Can the Australian dairy industry be saved?
Deputy Prime Minster Barnaby Joyce has this week announced a $550 million support package for Australian dairy farmers in hopes of saving their farms after a sudden crash in milk returns to farmers in the past month.
The package includes $555 million in concessional loans for farmers and $2 million to establish a commodity milk price index.
Despite the announcement, dairy farmer street rallies went ahead in Melbourne, Brisbane and Adelaide this week.
The Farmer Power group says that the concessional loans are not what farmers require as they already cannot repay existing loans.

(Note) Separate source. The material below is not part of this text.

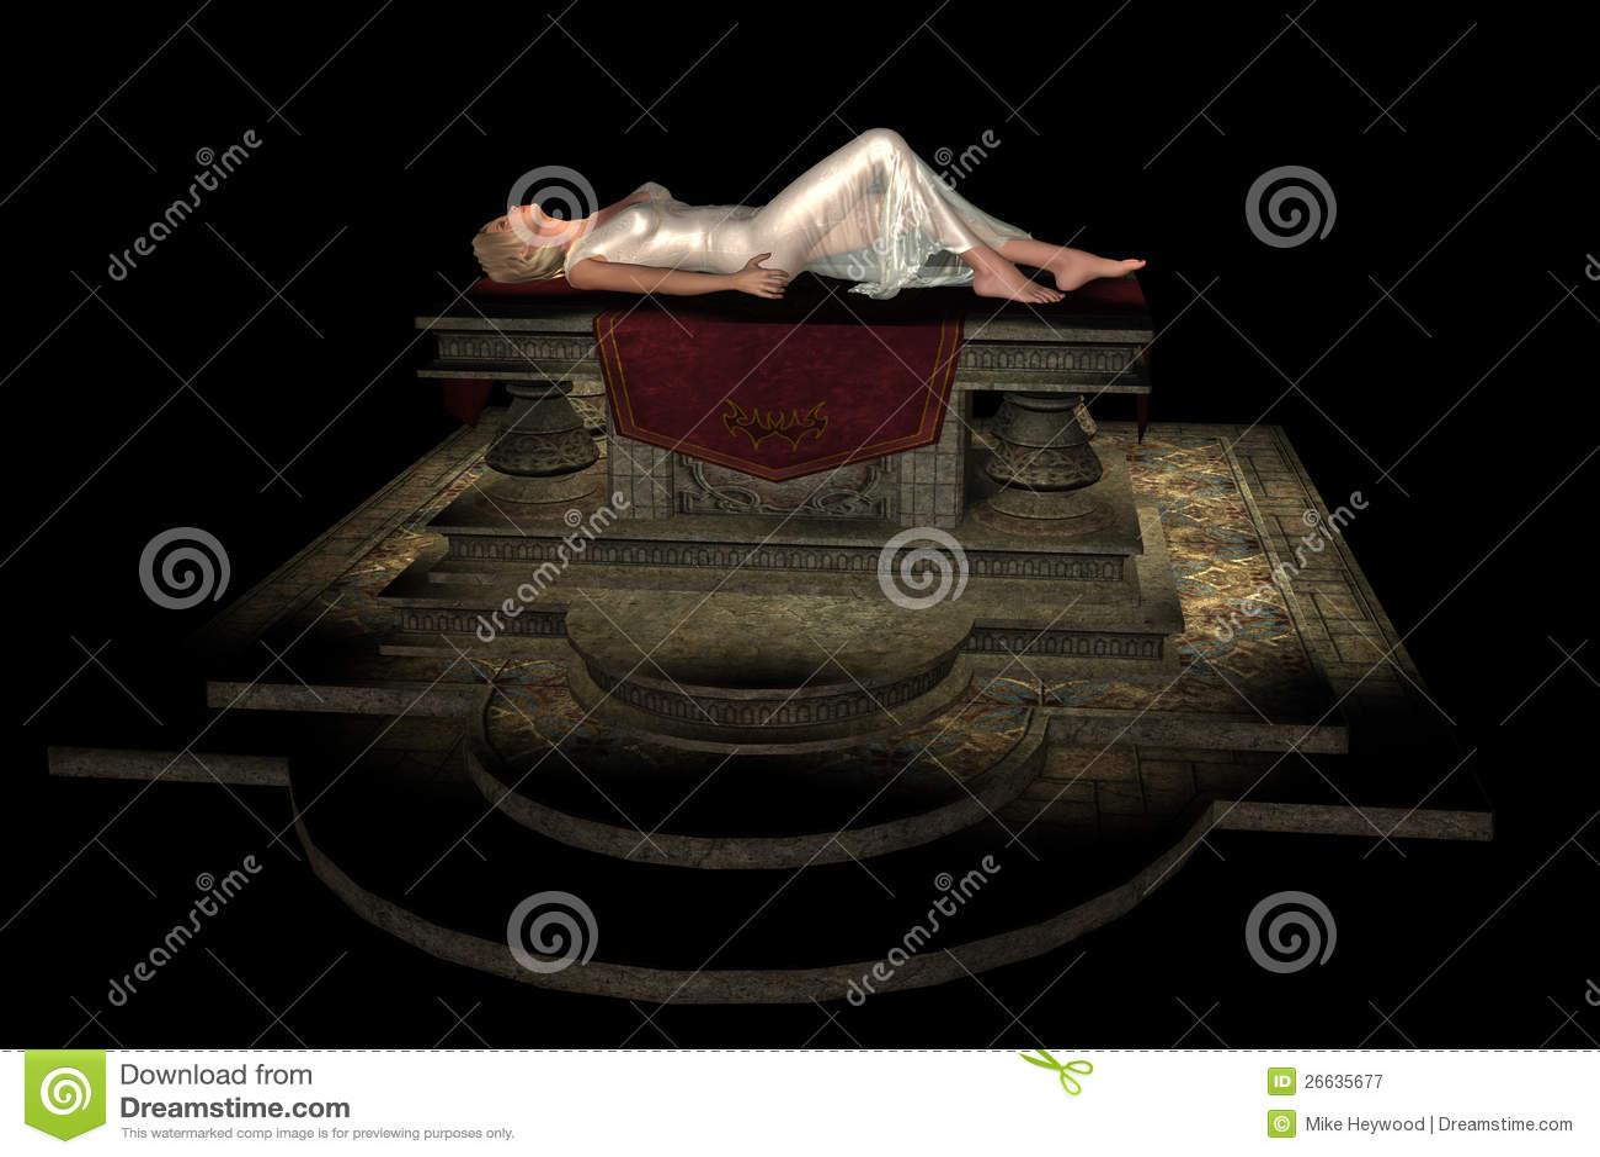 Female altar sacrifice porn pictures

Murray Goulburn, owner of Devondale, had previously said it would no longer pay farmers the previously anticipated AUD $5.60 per kilogram of milk solids for the season and revised its price to AUD $4.75.
Fonterra soon followed with an announcement that it would be lowering its price.
Although Murray Goulburn attributed its sudden price drop to unfavourable international markets amongst other reasons, some analysts attributed the price to poor management decision-making.
Fonterra also attributed its drop to low milk prices due to the oversupply coming out of Europe after the European Union ended its quota system in 2015.
The drop in prices lead to farmer anger with many now being forced to sell their milk for less than cost of production.
In February 2016, Murray Goulburn announced a net profit of only AUD $10 million for the six months ended 31 December 2015.
This was a 34.1 per cent drop on the previous 2014 corresponding period.
“The first half has seen the continuation of the decline in Chinese imports of commodity dairy ingredients and the ongoing Russian embargo on dairy imports,” said CEO Helou at the time.
“This has been compounded by increased European milk supply, resulting in a period of significant oversupply in global dairy commodity markets, driving commodity prices towards record lows,” Helou said.
Yet, at the same time, Fonterra managed its own net profit of NZ$409 million, a 123 per cent increase on the corresponding 2015 period.
“The balance between available dairy exports and imports has been unfavourable for 18 months following European production increasing more than expected and lower imports into China and Russia. This imbalance is likely to continue in the short term, with prices expected to lift later this calendar year,” said Fonterra Chief Executive Officer Theo Spierings at the time.
As concerns mount, major Australian supermarket Coles announced it would be creating a new private label milk with the profits going to farmers. However, this announcement provoked anger and scepticism with the price being offered to farmers 19 cent per litre less than what Coles was previously paying 12 months ago.
Victorian government critcised
Although the Victorian government also made an announcement this week of a smaller assistance package for Victorian dairy farmers, it attracted criticism for its pittance size and for its reliance on the dairy industry to contribute to the funding.